# What to produce
From the line that contains "Palm Beach Gardens" through the last line of the data, copy everything exactly and nothing else, omitting the pictures.

# Supplied data

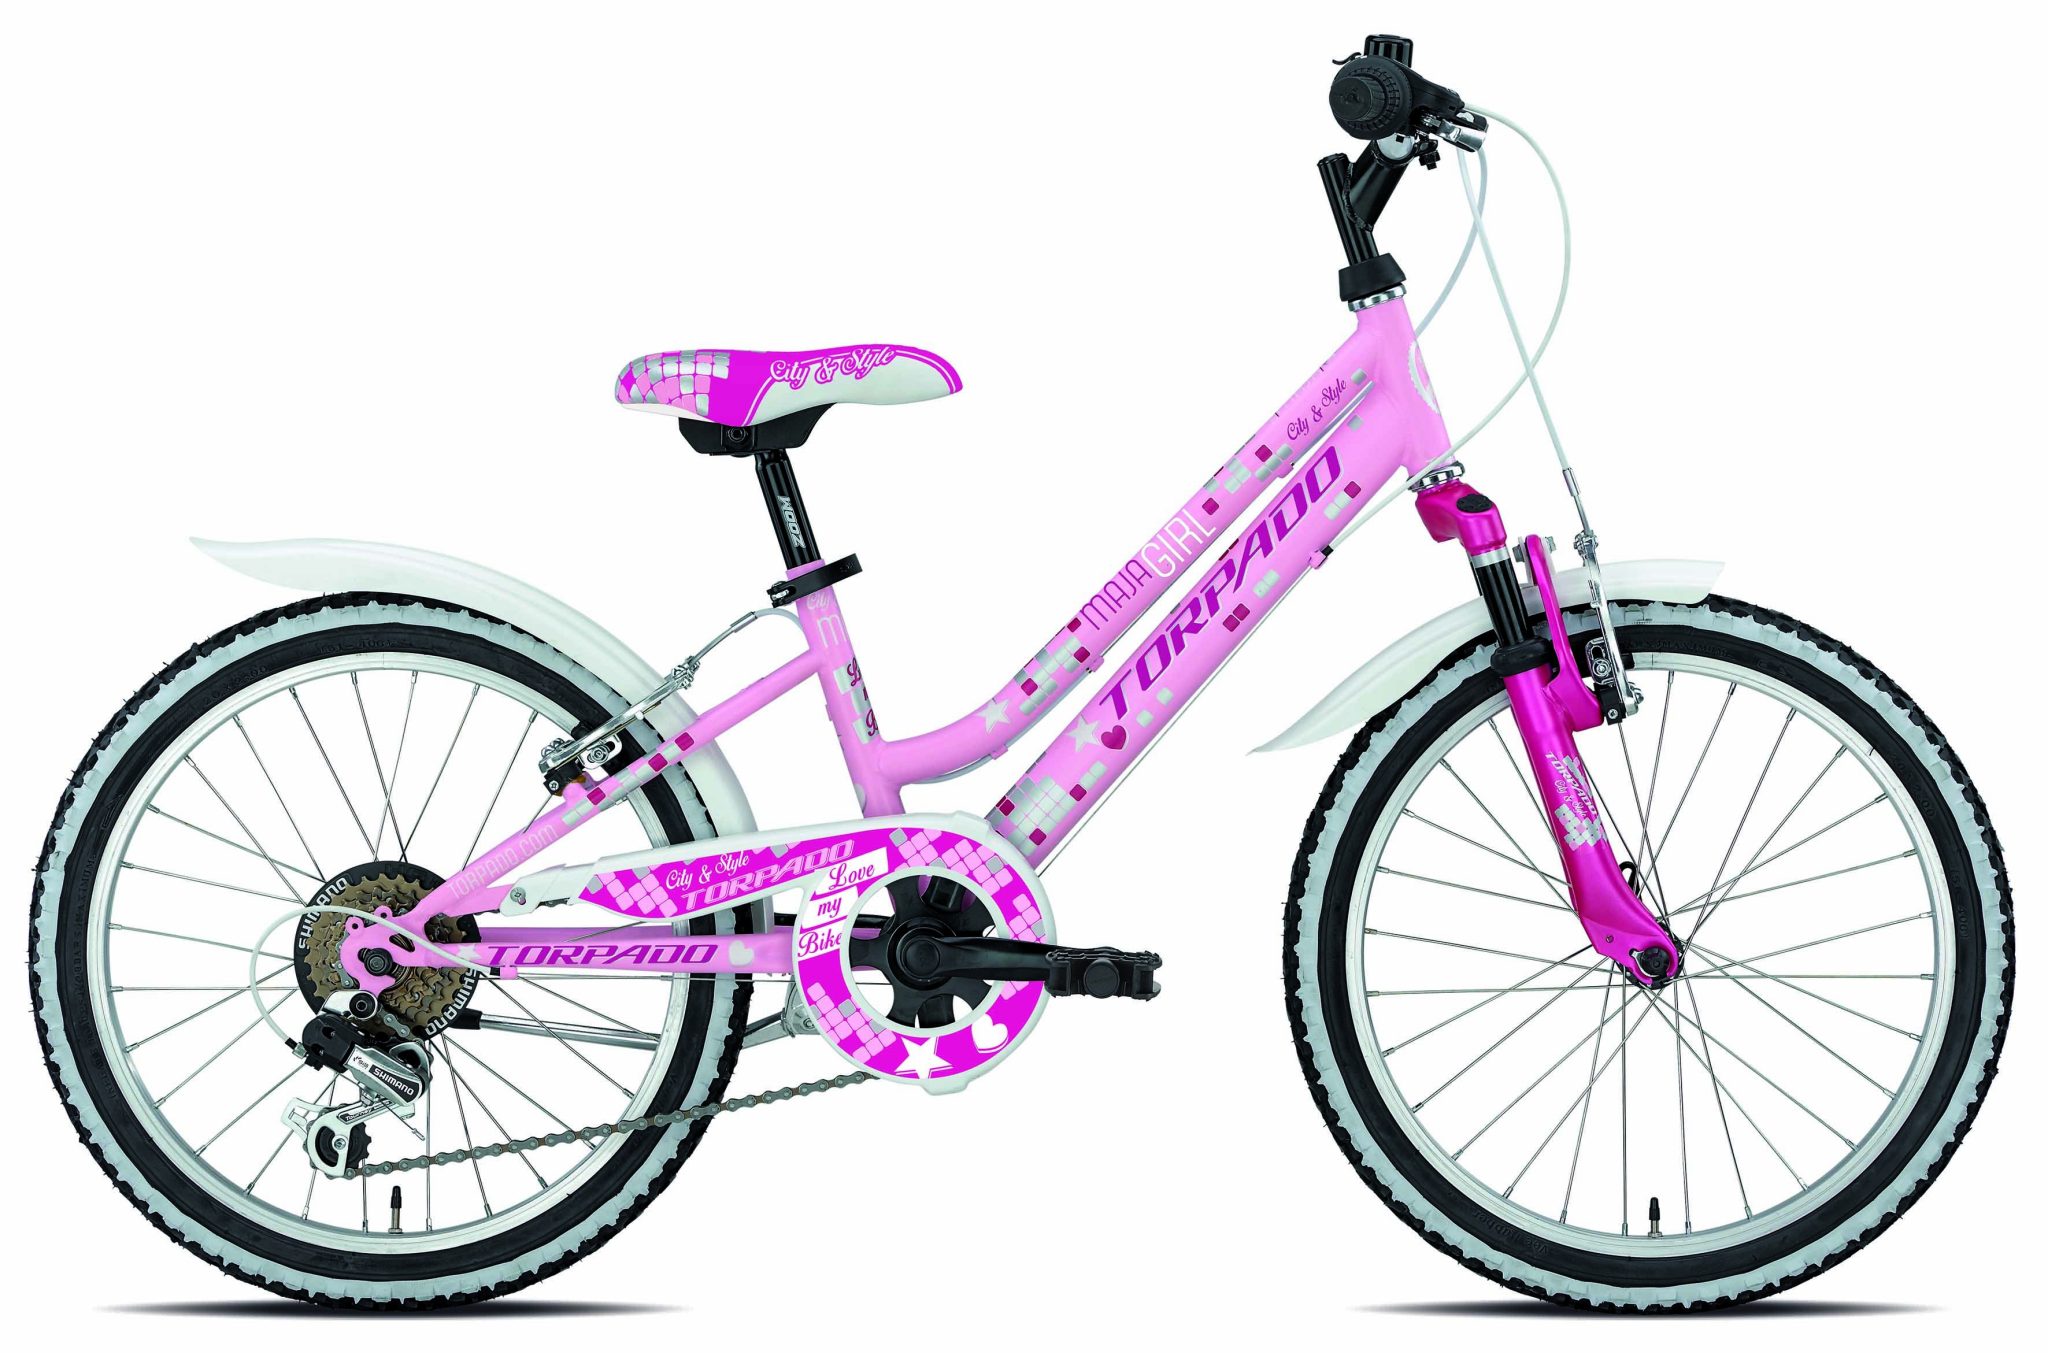 Велосипед для девочек купить авито. Велосипед стелс 24 дюйма для девочки. Стелс 24 дюйма для девочки. Велосипед stels для девочки 7-10. Велосипед stels для девочки.
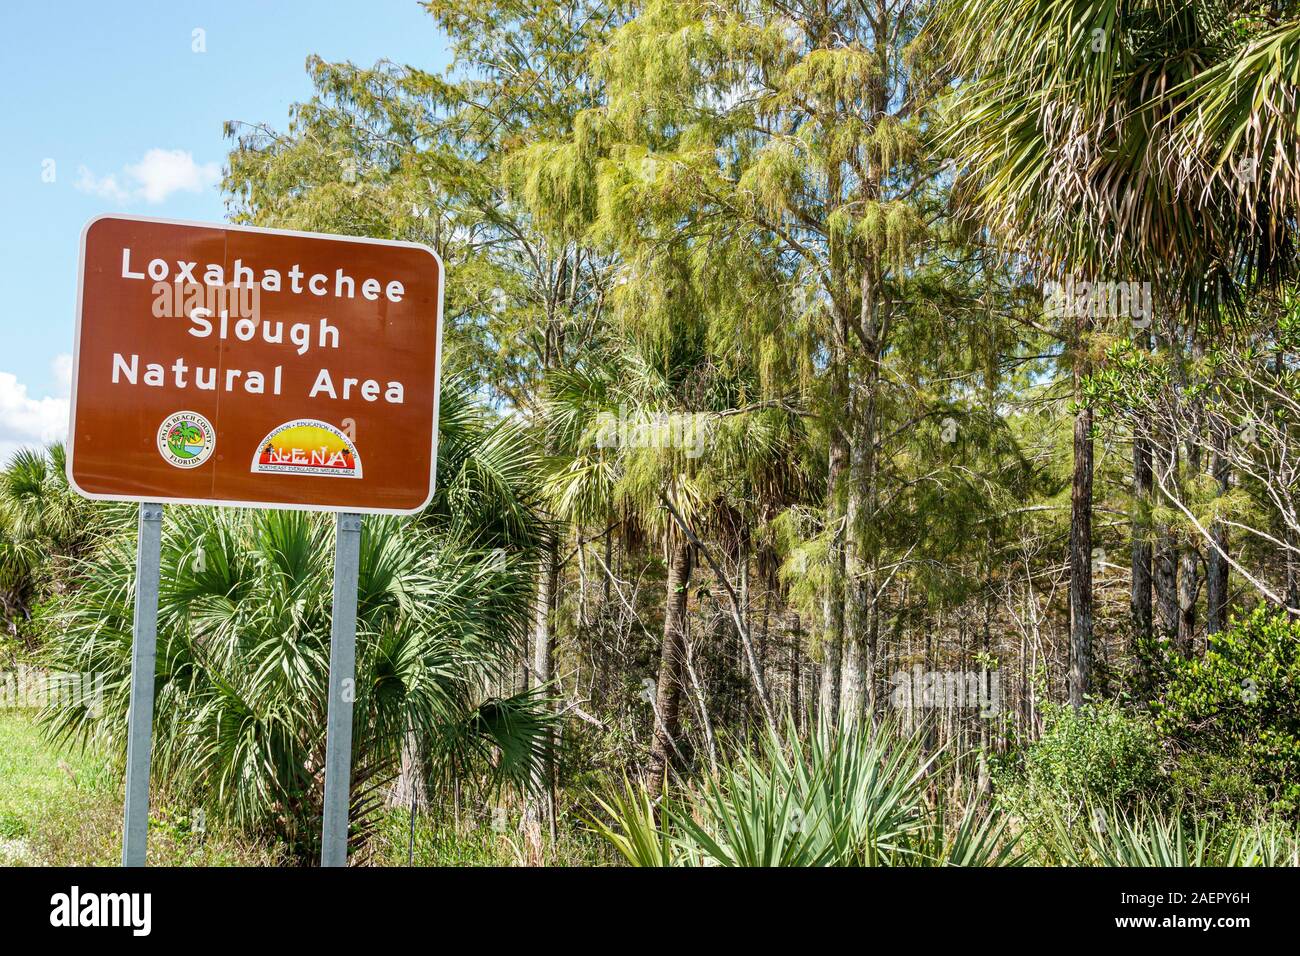 Palm Beach Gardens Florida,Loxahatchee Slough Natural Area,réserve de terres humides,refuge de la faune,panneau d'entrée,FL191110034 Banque D'Images
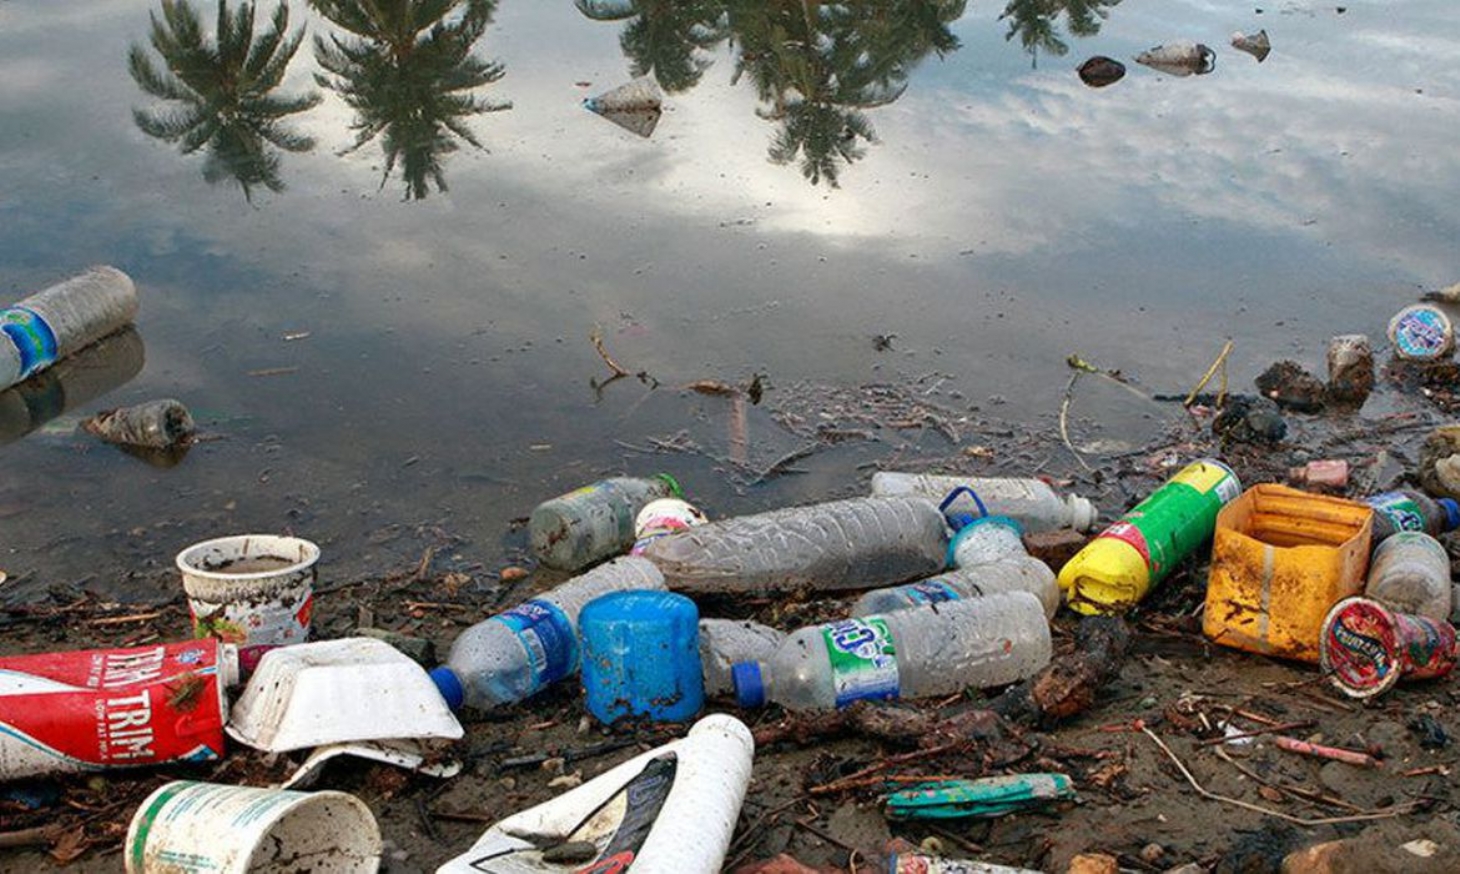 Plástico nos oceanos pode chegar a 600 milhões de toneladas em 2040 | Jornal da Orla

# Exercise answer
 Palm Beach Gardens Florida,Loxahatchee Slough Natural Area,réserve de terres humides,refuge de la faune,panneau d'entrée,FL191110034 Banque D'Images
 Plástico nos oceanos pode chegar a 600 milhões de toneladas em 2040 | Jornal da Orla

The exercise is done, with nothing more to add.